Dynamically using the data from another dataset - Cloud

Talend Cloud Data Preparation User Guide

Version
Cloud
Language
English
Product
Talend Cloud
Module
Talend Data Preparation
Content
Administration and Monitoring > Managing connections
Data Quality and Preparation > Cleansing data
Data Quality and Preparation > Managing datasets
Last publication date
2024-04-15

The lookup feature matches data from the current preparation with its counterpart in a reference dataset, allowing you to add this reference data to your preparation.

Tip: Talend recommends to use the lookup feature on datasets of up to 100,000 rows and 10 columns.
When using the lookup feature in Talend Cloud Data Preparation, column descriptions previously added in the lookup dataset via Talend Cloud Data Inventory will be displayed in the preparation.
In this example, you are working on a preparation that contains information about the American States your customers live in, but only in the form of a two-letter code. In parallel, you own a second dataset where the two-letter American State codes are matched with the full name of the state. You can use the lookup feature to retrieve this information and add it to your preparation.
Dataset containing American States in the form of a two-letter code.

Before you begin

A current limitation prevents the datasets based on the following connections to be used in a lookup:
  • Google Cloud Storage (Cloud file systems)
  • Azure Synapse (Database)
  • Google BigQuery (Database)
  • Google BigTable (Database)
  • Marketo (Business Apps)
  • Google Analytics (Business Apps)
  • NetSuite (Business Apps)
  • Workday (Business Apps)
  • Kafka (Messaging)
  • RabbitMQ (Messaging)

Procedure

  1. Open your preparation.
  2. Click the lookup button to open the lookup panel.

    Lookup button highlighted.

  3. Click Select dataset to select an existing dataset.
    Lookup panel opened.
  4. Select the dataset you want to use to perform the lookup.
    In this case, you need to add the dataset containing the list of two-letter state codes and their matching names. It must have been imported to Talend Cloud Data Preparation beforehand.
    Dataset containing the list of two-letter state codes selected.
  5. Click Select.
  6. From the Current preparation and Lookup dataset drop-down list, select the columns matching in your main preparation and your reference dataset, the state_code and States Code columns in this example.
    In order to perform a lookup, at least one column with matching data must be present in the preparation and dataset that you want to blend.
    Matching columns selected.
  7. From the Columns to add drop-down list, select the column containing the states to add it to the current dataset, State in this example.
    Imported column selected.
  8. Choose to apply those changes only on the filtered rows or on all of the rows.
  9. Click Submit. The state name for each matching state code between main preparation and reference dataset is retrieved.
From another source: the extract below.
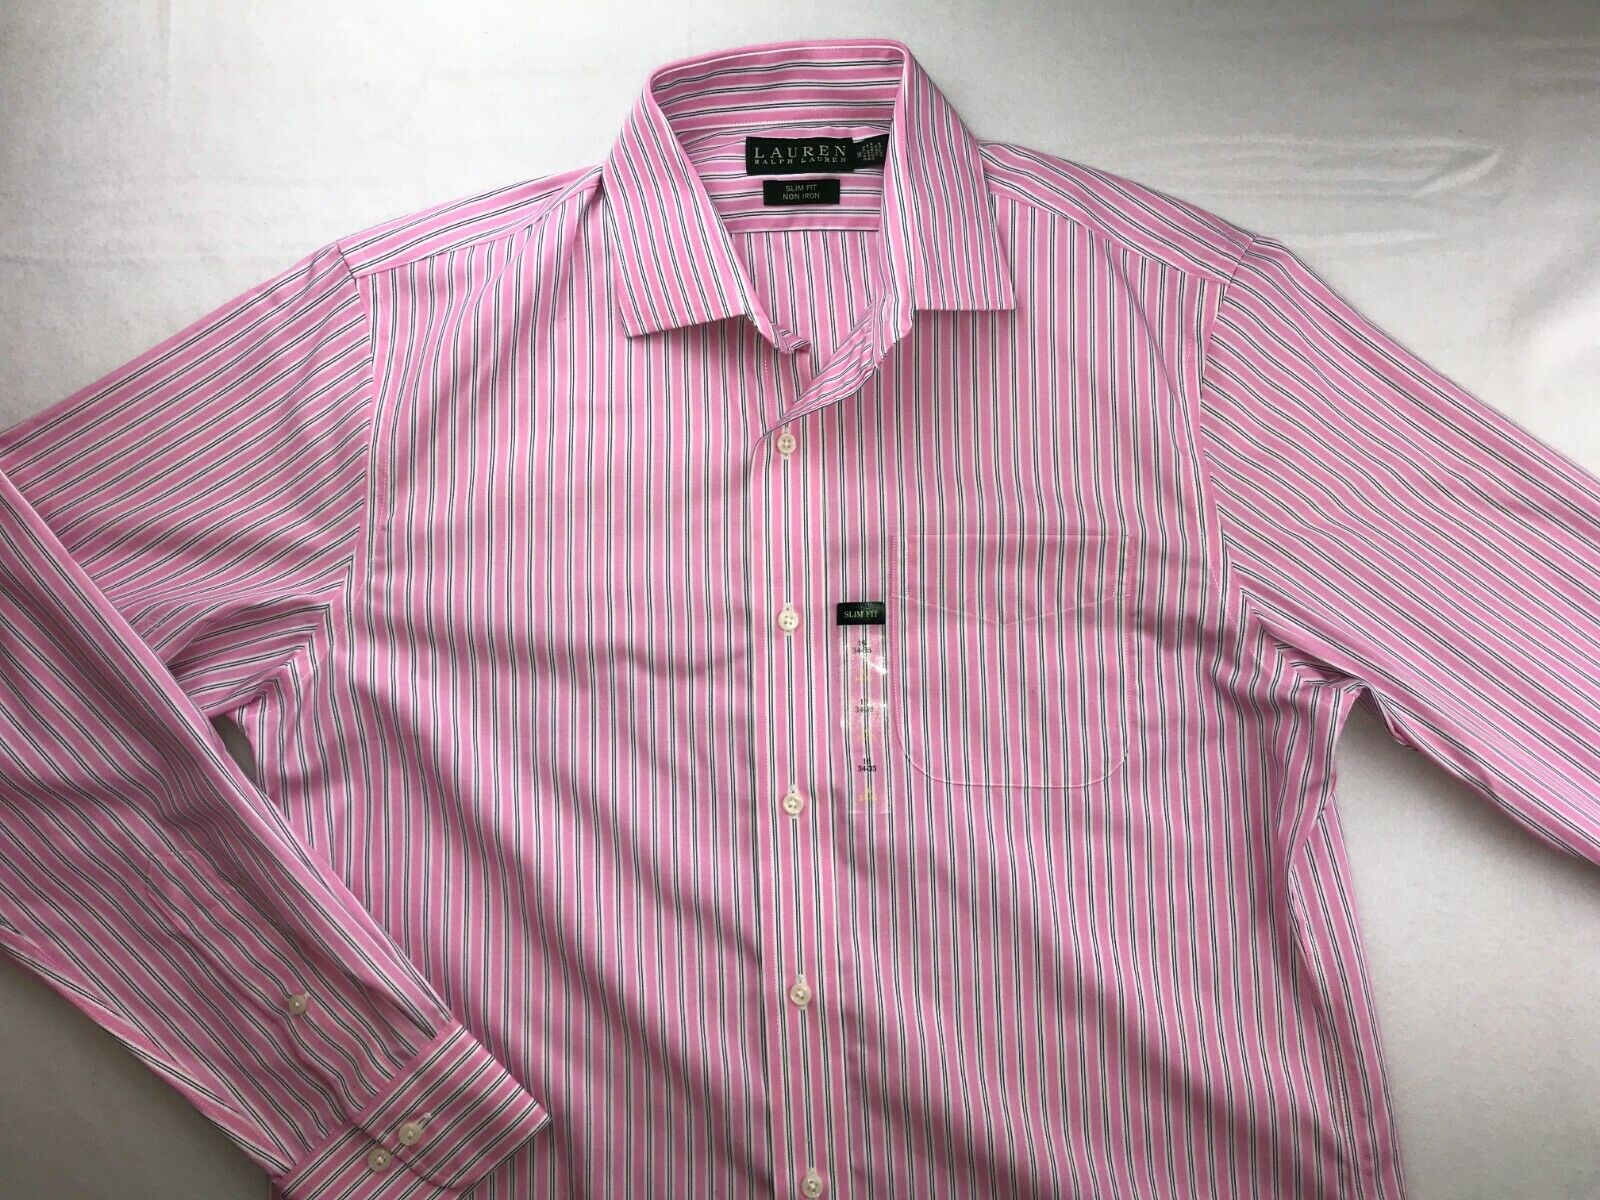 fa4b121b1e48a5 NWT RALPH POLO SLIM FIT BUTTON DOWN LONG SLEEVE SHIRT 16 34 35 PINK - LAUREN  neequu12230-Formal Shirts
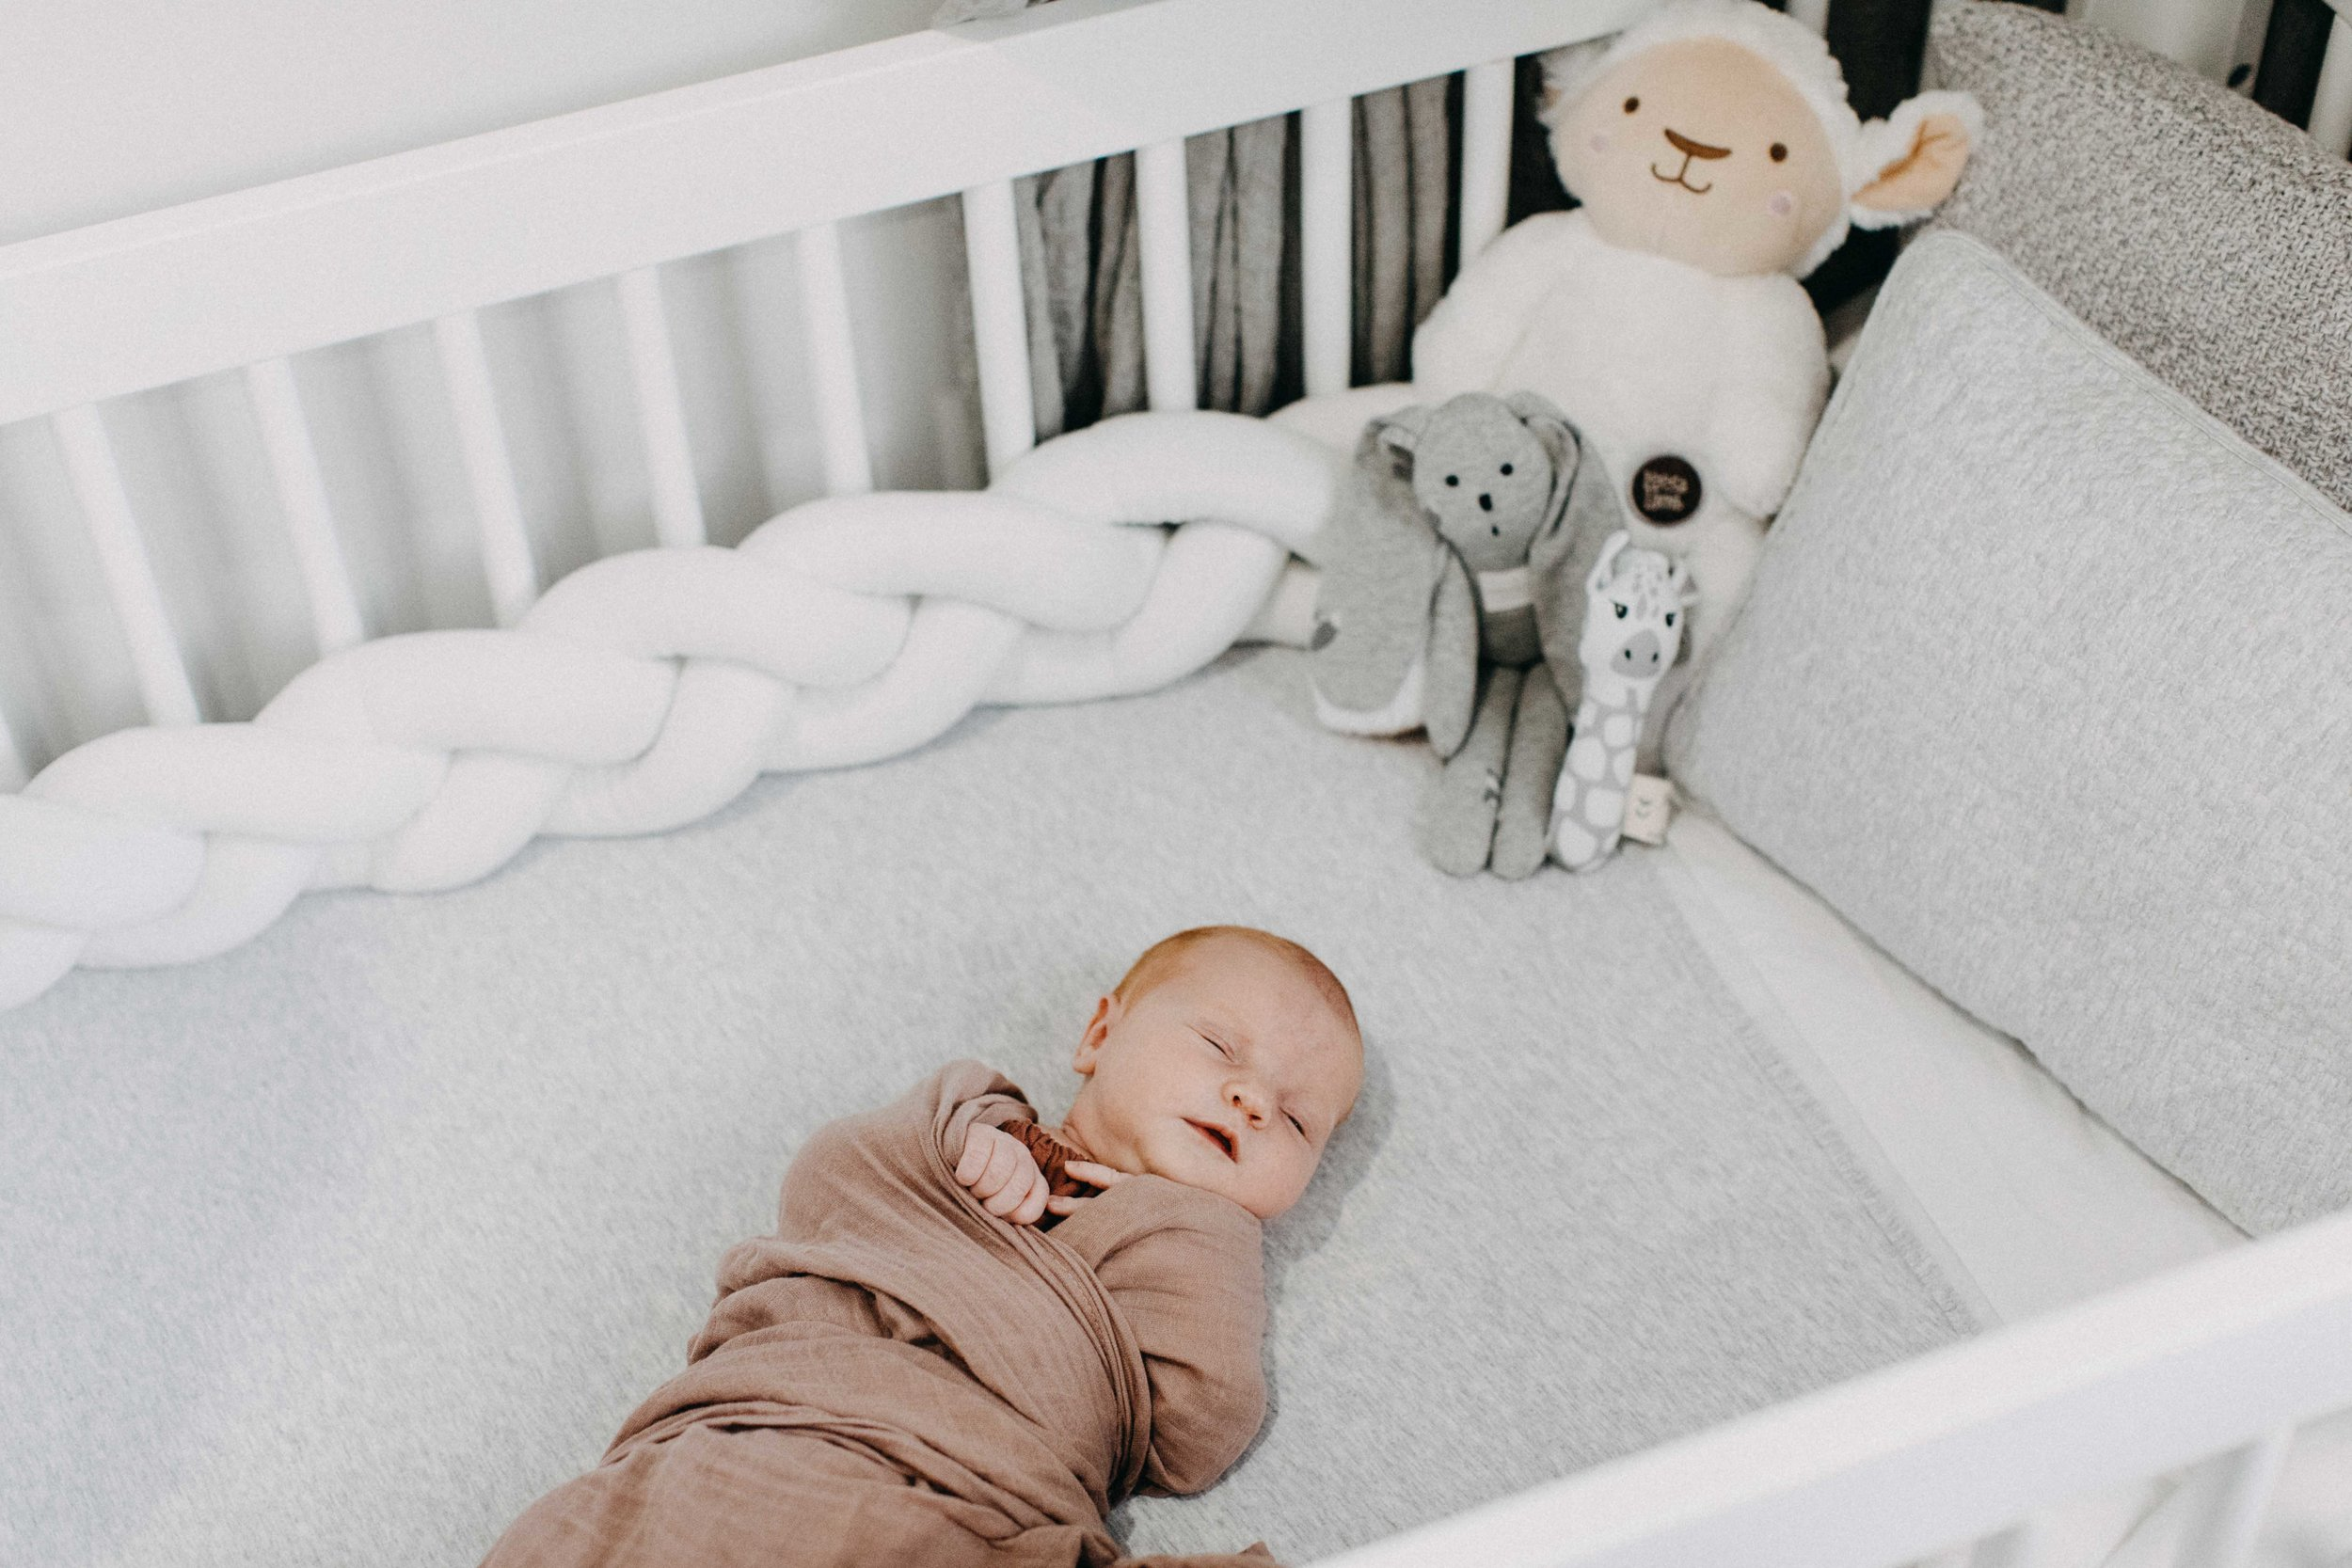 picton-newborn-photography-www.emilyobrienphotography.net-macarthur-wollondilly-arlo-20.jpg

    The lookup feature behaves as follows:

    • If a value is common to both your main preparation and the reference dataset, the additional information is retrieved.
    • If a value exists in your preparation but not in the reference dataset, the lookup operation will leave an empty cell in the resulting column.
    • If a value from the reference dataset does not find a match in the main preparation, the additional information will simply not be retrieved.

    The logic behind the lookup operation in Talend Cloud Data Preparation corresponds to a left outer join when speaking in terms of Venn diagrams:

    Left outer join diagram.

    Applied to our example, it means that you have used the common information about the state codes to create a join, and retrieved only the useful information from the second dataset to enrich the first one.

Results

A new column containing the full state names is created with the result of the lookup. Each customer was matched with its corresponding state name when possible.
Dataset containing American States with full names.

Another behavior of the lookup feature, that was not illustrated in the previous example, is how the possible duplicate and empty values from a reference dataset are handled.

Let's take the following example, where one of the State codes is missing from your preparation, and your reference dataset has a duplicate entry for the NY State code. For the sake of the example, NY has two possible values, New York and Nueva York, but it could very well be the same for both entries.

Dataset after Lookup.

The above result was achieved by applying the following behavior:

  • When a same value exists several times in the reference dataset, only the first occurrence is matched, Nueva York in this case.
  • An empty cell in your preparation will be matched with an empty cell.